More recently, he said he found Mr. Trump’s “desire to do everything to end the conflict in Ukraine” to be “sincere,” without commenting on Ms. Harris’s Ukraine policy.
But as he made those comments during a news conference last month at the BRICS summit, he made clear that relations between Washington and Moscow, which are at their lowest point since the end of the Cold War, could be restored only by giving Russia the respect on the global stage that Mr. Putin believes it deserves.
“How Russian-American relations will develop after the election will depend on the United States,” he said. “If they are open, then we will also be open. And if they don’t want it, then fine.”
Mr. Kiselyov, of Channel 1’s flagship weekly program, “News of the Week,” has used the U.S. campaign as proof of America’s deep polarization, moral decline and potential for political violence.
“Whoever is declared the winner, the other side will definitely not accept this, accusing the opponent of falsification,” he said on the Sunday night program, declaring: “This is a harbinger of the riots that will ensue.”
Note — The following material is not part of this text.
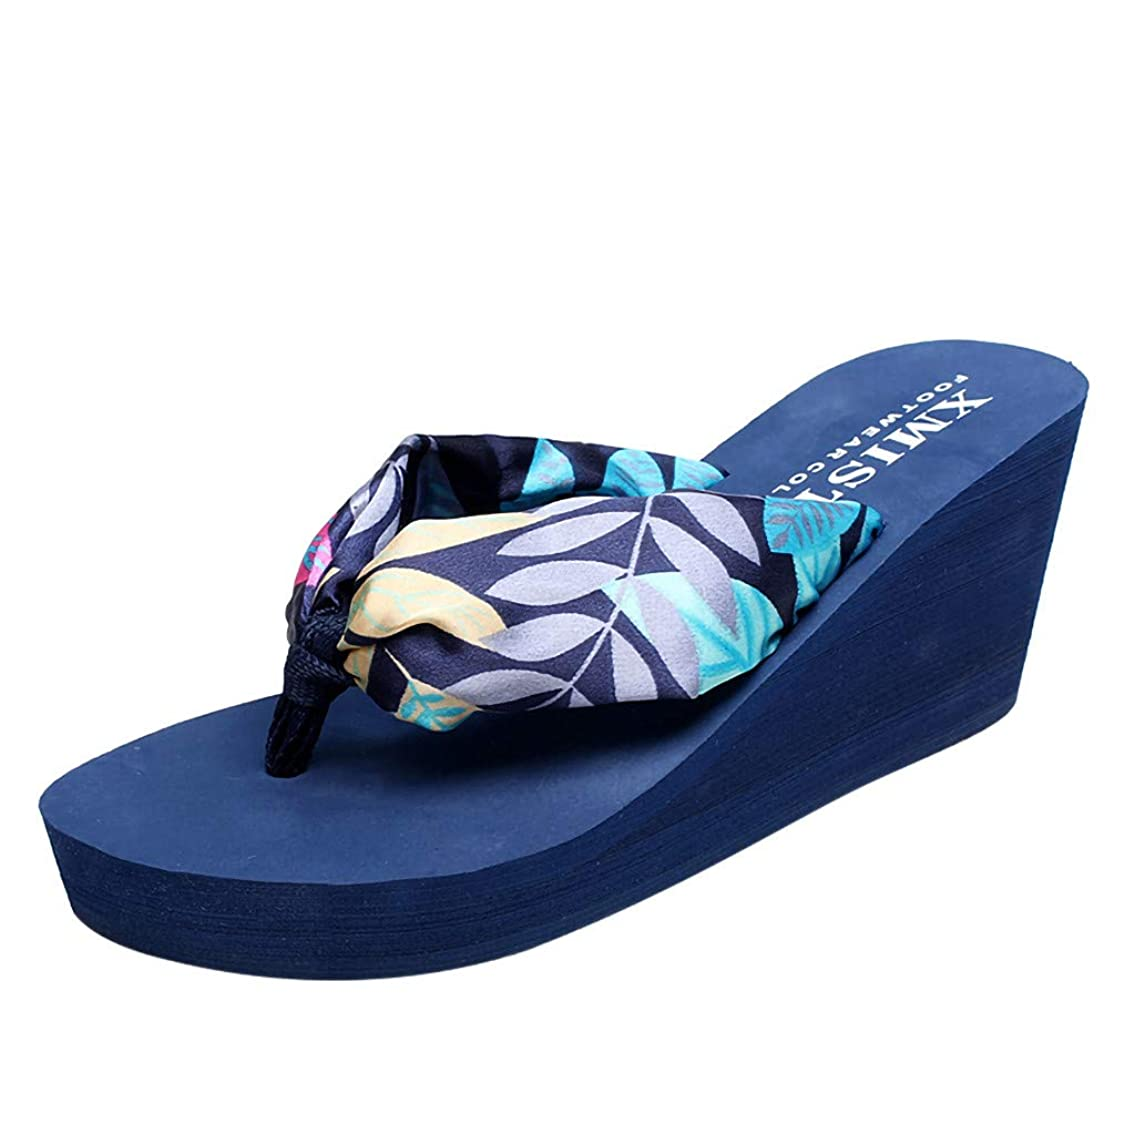 ラップトップ実り多いの配列[Rencaifeinimo] ファッション女性のフリップフロップスリッパウェッジビーチ滑り止めボスミア靴ポストスリッパ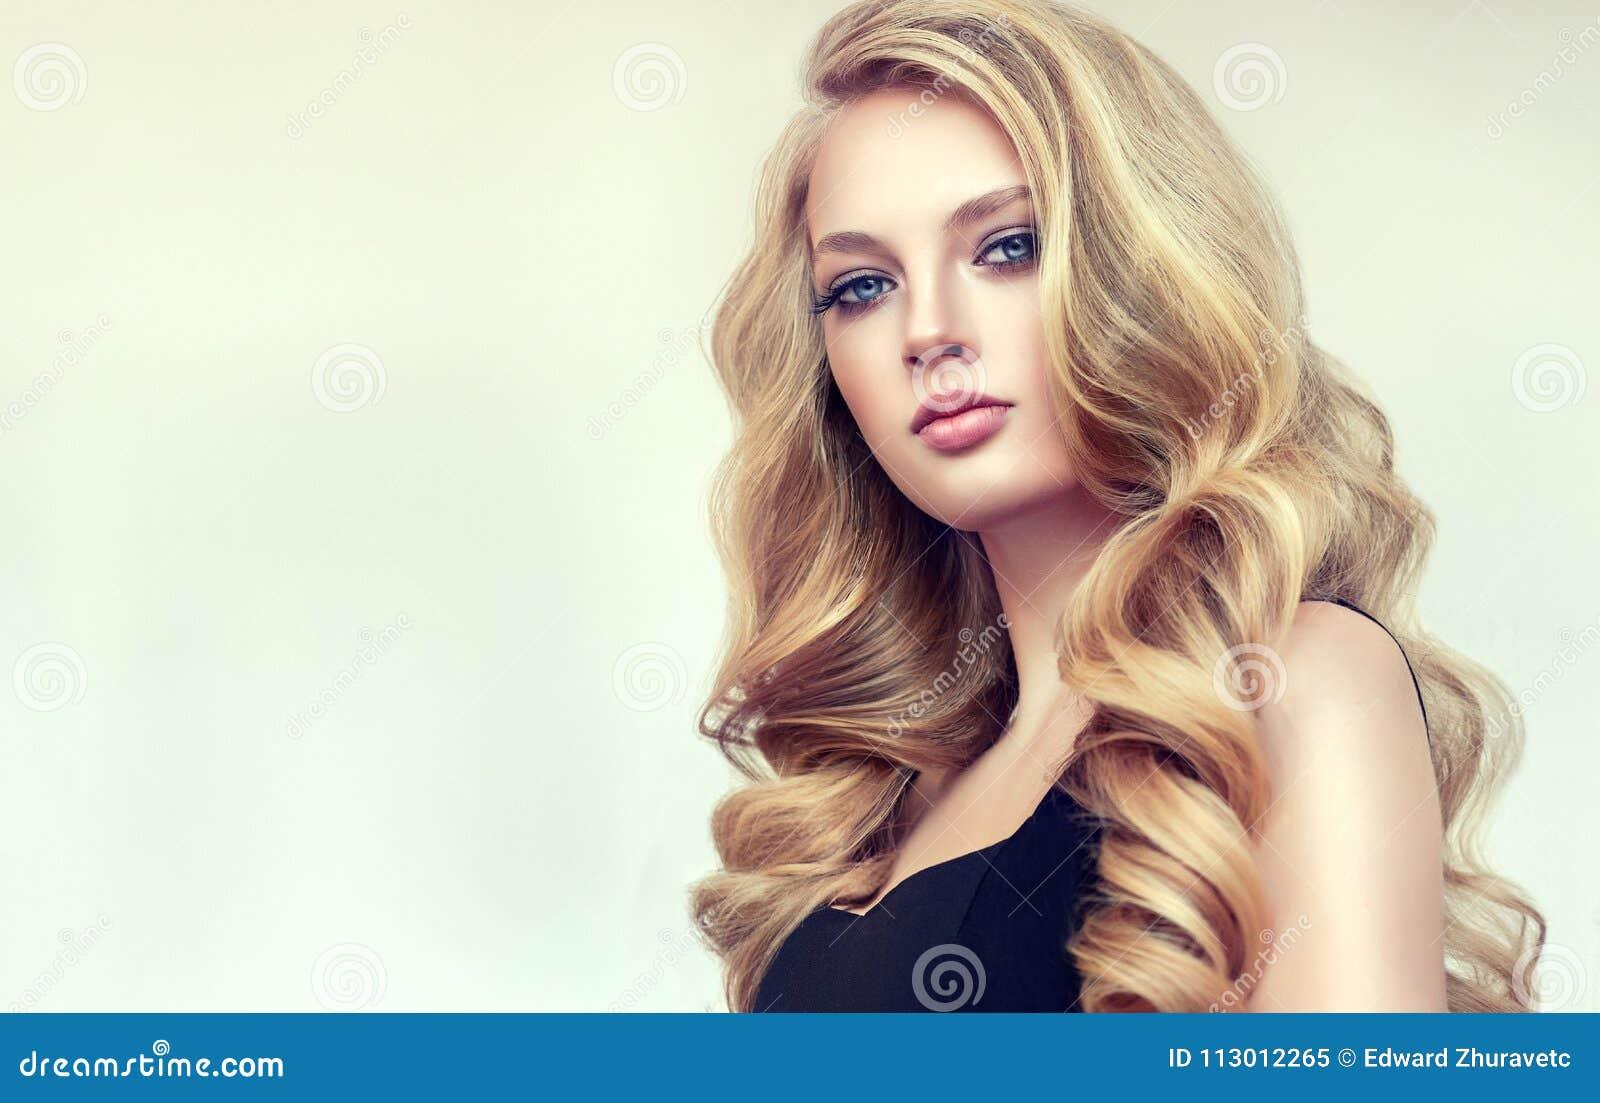 Femme aux cheveux d or avec la coiffure volumineuse, brillante et bouclée Cheveux crépus

Citing a CNBC article about high-net-worth Americans, he added: “A record number of wealthy Americans expressed a willingness to leave the country indefinitely right after voting day. The reason? Fear.”
There is anxiety and fear among Americans across the political spectrum about the vote, a mood that the Kremlin hopes to capitalize on not only for its war aims, but also to telegraph to millions of Russians that as chaotic as two and a half years of war and sanctions may be, things are out of control in the United States, too.